I have problems to understand the string pattern matching with =~ in bash.
I wrote following function (don't be alarmed - it's just experimenting, not a security approach with md5sum):
md5 () {
[[ "$(md5sum $1)" =~ $2* ]] && echo fine || echo baarr;
}
and tested it with some input. Here some reference:
md5sum wp.laenderliste
b1eb0d822e8d841249e3d68eeb3068d3 wp.laenderliste
It's unnecessarily hard to compare, if the source for the control sum does not contain the two blanks with the filename already. That's where the observations origins from, but more interesting than the many ways to solve that problem was my observation:
I define a control variable, and test my function with too short, but matching strings:
ok=b1eb0d822e8d841249e3d68eeb3068d3
for i in {29..32}; do md5 wp.laenderliste ${ok:1:$i} ;done
fine
fine
fine
fine
That's expected and fine, since it is the purpose of the function, to ignore the mismatch of the missing " wp.laenderliste" and therefore even longer mismatches.

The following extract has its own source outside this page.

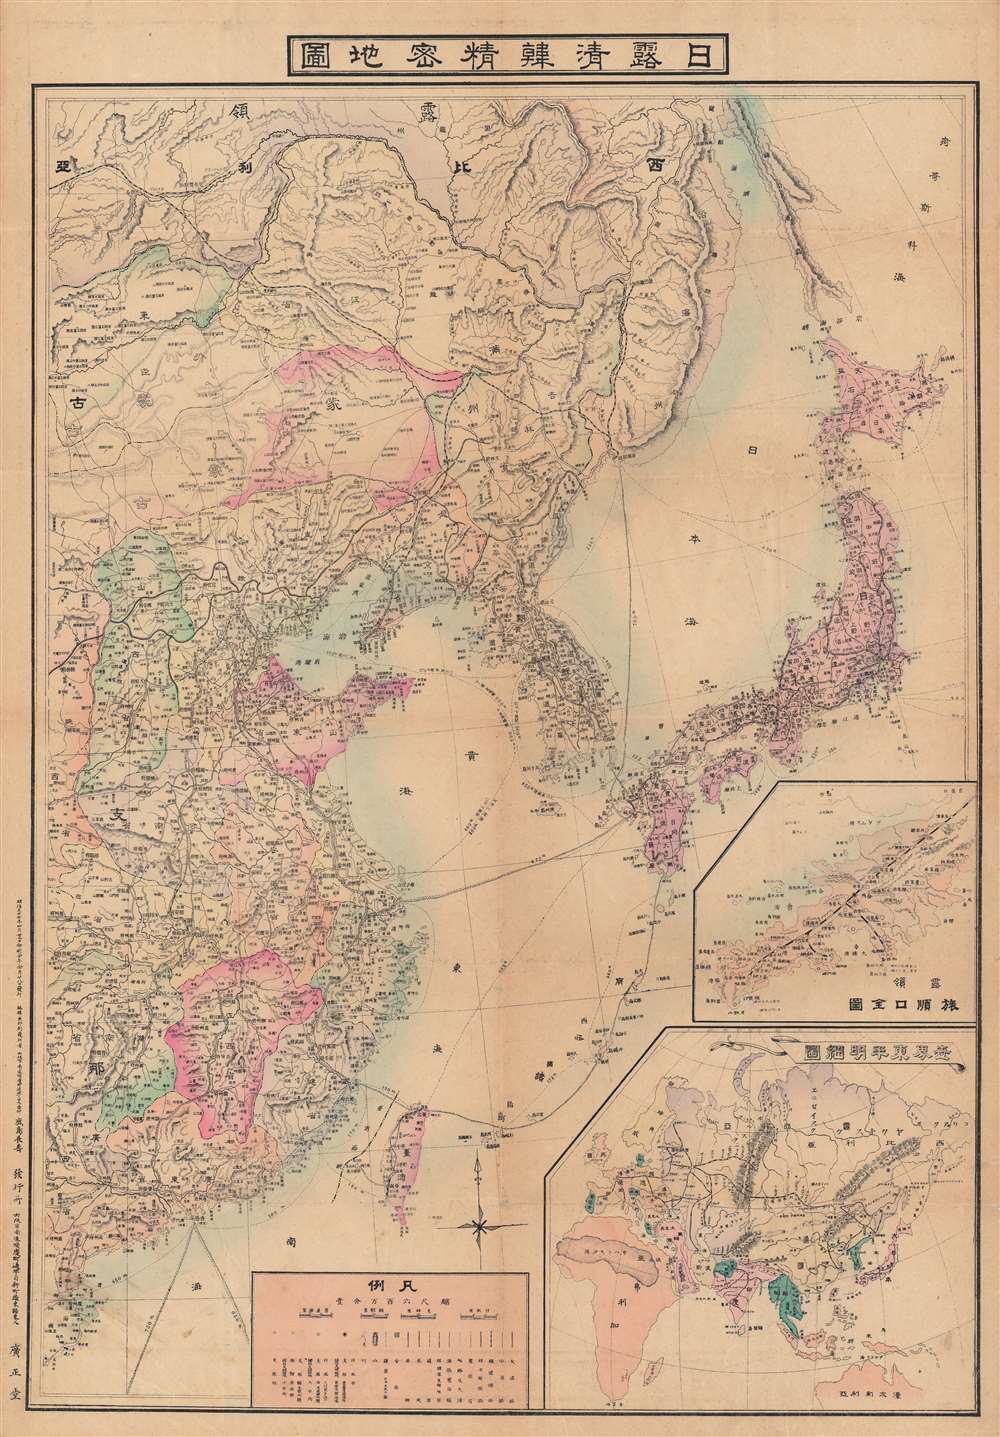 日露清韓精密地圖 / [Precise Map of Japan, Russia, China, and Korea]. - Main View

Now, if I append random stuff, which does not match, I expect, of course, errors, and get them:
for i in {29..32}; do md5 wp.laenderliste ${ok:1:$i}GU ;done
baarr
baarr
baarr
baarr
As expected. But when there is only one, last mismatching character, see what happens:
for i in {29..32}; do md5 wp.laenderliste ${ok:1:$i}G ;done
fine
fine
fine
fine
Is this me, not realizing how this is supposed to work (select is broken), or is there really an off-by-one-error in bash's pattern matching?
Mismatches in the mid of the string matter from count 1:
for i in 5 9 e ; do echo md5 wp.laenderliste ${ok//$i/_} ;done
md5 wp.laenderliste b1eb0d822e8d841249e3d68eeb3068d3
md5 wp.laenderliste b1eb0d822e8d84124_e3d68eeb3068d3
md5 wp.laenderliste b1_b0d822_8d841249_3d68__b3068d3
for i in 5 9 e ; do md5 wp.laenderliste ${ok//$i/_} ;done
fine
baarr
baarr
The bash-version:
bash -version
GNU bash, Version 4.3.48(1)-release (x86_64-pc-linux-gnu)
Copyright (C) 2013 Free Software Foundation, Inc.
Lizenz GPLv3+: GNU GPL Version 3 oder jünger <http://gnu.org/licenses/gpl.html>
Disclaimer: md5sum is only a useful against unintentional mistakes, not against attacks. I don't encourage using it.
And this question is not a search for better solutions or workarounds. It's about the =~ Operator, whether it should act as it does and if so, why.